April 10, 2008
Ok, so...the truth is we just. don't. know. We really and truly don't, and my confidence in my own guess yesterday is pretty much non-existent right now, and hey! Guess what! We go back in eight weeks for another ultrasound. We will...hold off on all the shopping until then. Yes.
I wasn't letting the guessing game continue to mean, honest -- in fact I wish I had time to update yesterday and throw up my hands and admit that hell, you could ALL BE RIGHT at this point, especially when some of the comments starting getting a tad...graphic with the descriptions of my poor child's bizness, oh my heavens to betsy ross, and then I felt bad because everybody thought I was holding back on Some Definitive Answer and...
...uh. We don't know what it is. At all.
I am sad that I am still calling it an it, because for a couple hours yesterday it was a he, my new baby boy, my second son, oh my goodness I am going to have a house chock full of boys. And while I did feel this tiny twinge of "oh, wow, so no daughter for me," within five minutes I was at a WHOOP WHOOP level of excitement because in case you haven't noticed, BOYS ARE SO TOTALLY THE AWESOME.
The thing is, though, that we really don't know, because the ultrasound was far from conclusive, even live and in-person. We saw something... protuberance-like. Ish. Since I've had in my head for weeks now that I'm having a boy, I immediately identified it as boy parts. My doctor said that would be his guess too, but admitted that at 12 weeks and change, everybody really looks kind of the same down there.
And indeed, once I came home and started really staring at the pictures, the protuberance started to look not quite as...obvious as I once thought it was, and then Google entered into it and oh hell, this is 100% totally inconclusive, no matter how much squinting and head-cocking I do.
I learned, by the way, that baby girls do indeed have a fairly pronounced protuberance of their own at this age, and that first-trimester gender prediction is all about something called "the angle of the dangle." Seriously.
Apparently, the best way to guess at the sex is using a profile view of the bits (as opposed to the full-on crotch shot that we have) and...assess the angle of the...nubby things. Okay then! So the fact that I clearly saw nubby things means nothing. Fine.
I really didn't see the three lines so many of you picked up in the first photo -- and my doctor thought there was a chance we were getting some umbilical cord interference on that one, and was basing his guess more on the second photo. But to me, that one suggests nothing more than your typical first-trimester not-quite-yet-developed bits-of-androgyny.
(OH MY GOD WHEN IS SHE GOING TO STOP TALKING ABOUT THIS?)
(POOR FREAKING KID. IS TOTALLY GOING TO SPEND HIS/HER ADOLESCENCE POSTING ANGRY RANTS ABOUT HIS/HER MOTHER ON YOUSPACEMYTUBEBOOK.COM.)
(LEAVE MY GENITALS ALOOOOOOONE! I AM A HUMAN BEING! I HATE YOU!)
So. That's...probably way more words about this subject than were really necessary. I have (obviously) decided to skip the whole surprise thing about the sex of this baby, mostly because it felt really, REALLY great to know yesterday, however temporary and possibly wrong it was. (And honestly, if it's a boy I will so totally NOT be surprised at all, no matter how long we wait, and at this point a girl would shock the living daylights out of me at 20 weeks just as much as it would at 40.)

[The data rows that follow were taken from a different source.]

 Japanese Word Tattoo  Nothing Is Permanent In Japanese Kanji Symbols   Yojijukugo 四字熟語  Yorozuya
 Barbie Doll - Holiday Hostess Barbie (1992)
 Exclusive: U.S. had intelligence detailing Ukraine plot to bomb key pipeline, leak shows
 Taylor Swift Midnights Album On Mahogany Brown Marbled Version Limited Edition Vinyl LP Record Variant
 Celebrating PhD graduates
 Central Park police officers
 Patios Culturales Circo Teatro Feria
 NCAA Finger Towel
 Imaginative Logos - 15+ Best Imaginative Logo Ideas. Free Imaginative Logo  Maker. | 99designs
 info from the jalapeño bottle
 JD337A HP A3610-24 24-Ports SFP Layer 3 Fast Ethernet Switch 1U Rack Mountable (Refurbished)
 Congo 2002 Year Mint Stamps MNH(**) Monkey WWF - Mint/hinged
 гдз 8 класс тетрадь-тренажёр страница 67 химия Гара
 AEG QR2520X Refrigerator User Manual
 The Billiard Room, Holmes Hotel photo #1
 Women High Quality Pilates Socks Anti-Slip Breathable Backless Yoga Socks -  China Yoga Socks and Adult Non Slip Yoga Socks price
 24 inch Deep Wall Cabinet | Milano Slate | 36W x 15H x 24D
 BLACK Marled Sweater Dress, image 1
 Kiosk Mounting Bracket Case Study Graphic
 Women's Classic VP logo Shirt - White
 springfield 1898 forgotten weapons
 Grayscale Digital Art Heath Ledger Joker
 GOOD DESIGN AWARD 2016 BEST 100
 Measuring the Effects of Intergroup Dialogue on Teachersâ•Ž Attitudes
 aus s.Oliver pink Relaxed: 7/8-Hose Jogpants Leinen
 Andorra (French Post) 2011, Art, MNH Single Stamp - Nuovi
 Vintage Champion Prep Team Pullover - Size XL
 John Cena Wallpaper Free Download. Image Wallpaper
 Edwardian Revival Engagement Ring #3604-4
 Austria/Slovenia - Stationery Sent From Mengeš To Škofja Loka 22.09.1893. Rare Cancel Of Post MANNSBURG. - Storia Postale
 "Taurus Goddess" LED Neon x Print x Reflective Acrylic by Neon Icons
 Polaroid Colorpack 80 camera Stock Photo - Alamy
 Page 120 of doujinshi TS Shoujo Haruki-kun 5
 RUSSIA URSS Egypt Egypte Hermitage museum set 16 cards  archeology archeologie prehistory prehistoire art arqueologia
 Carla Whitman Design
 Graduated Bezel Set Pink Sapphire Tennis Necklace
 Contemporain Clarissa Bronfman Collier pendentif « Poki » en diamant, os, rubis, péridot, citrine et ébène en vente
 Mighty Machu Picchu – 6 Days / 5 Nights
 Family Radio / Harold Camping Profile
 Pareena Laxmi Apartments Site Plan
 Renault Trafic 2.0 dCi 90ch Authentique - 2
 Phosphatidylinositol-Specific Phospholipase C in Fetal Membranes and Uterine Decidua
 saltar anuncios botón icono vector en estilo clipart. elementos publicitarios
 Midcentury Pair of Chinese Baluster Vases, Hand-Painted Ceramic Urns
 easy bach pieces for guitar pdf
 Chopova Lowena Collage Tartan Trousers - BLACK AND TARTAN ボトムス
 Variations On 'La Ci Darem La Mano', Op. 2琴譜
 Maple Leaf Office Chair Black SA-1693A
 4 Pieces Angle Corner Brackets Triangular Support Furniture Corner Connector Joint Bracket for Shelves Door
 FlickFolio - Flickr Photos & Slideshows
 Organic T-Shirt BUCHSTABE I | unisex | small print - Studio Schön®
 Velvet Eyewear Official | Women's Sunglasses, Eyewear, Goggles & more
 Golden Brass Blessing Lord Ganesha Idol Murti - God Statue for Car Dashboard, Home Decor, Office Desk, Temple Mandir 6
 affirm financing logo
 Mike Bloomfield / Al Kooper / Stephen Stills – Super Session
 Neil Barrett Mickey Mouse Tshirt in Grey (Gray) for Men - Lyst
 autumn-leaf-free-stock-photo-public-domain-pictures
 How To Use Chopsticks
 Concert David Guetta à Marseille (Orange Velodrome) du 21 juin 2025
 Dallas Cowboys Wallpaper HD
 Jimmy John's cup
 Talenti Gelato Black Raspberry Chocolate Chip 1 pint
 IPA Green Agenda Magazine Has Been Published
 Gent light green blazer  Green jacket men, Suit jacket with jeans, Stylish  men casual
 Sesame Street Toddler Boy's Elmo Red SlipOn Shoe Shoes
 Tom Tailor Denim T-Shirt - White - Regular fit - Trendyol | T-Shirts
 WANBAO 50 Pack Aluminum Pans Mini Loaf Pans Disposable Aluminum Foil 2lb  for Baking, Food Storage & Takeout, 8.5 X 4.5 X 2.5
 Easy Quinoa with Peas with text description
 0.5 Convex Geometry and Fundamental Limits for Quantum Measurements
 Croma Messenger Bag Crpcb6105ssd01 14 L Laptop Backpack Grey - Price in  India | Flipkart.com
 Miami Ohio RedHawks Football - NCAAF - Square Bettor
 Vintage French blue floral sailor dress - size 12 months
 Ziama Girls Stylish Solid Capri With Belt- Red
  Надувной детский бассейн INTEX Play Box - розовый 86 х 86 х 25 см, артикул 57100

The important thing, blah blah blah, of course, is that the baby 1) is present and accounted for, 2) developing appropriately, 3) passed the nuchal translucency scan with flying colors. I could not possibly be happier or more excited right now, no matter what is ultimately going on between the legs. Who cares! It's a BABY. Which is kind of the WHOLE POINT.
PS Jason still thinks it's a girl. I think we need to put some money or diamond pendants on this. Just to make it interesting.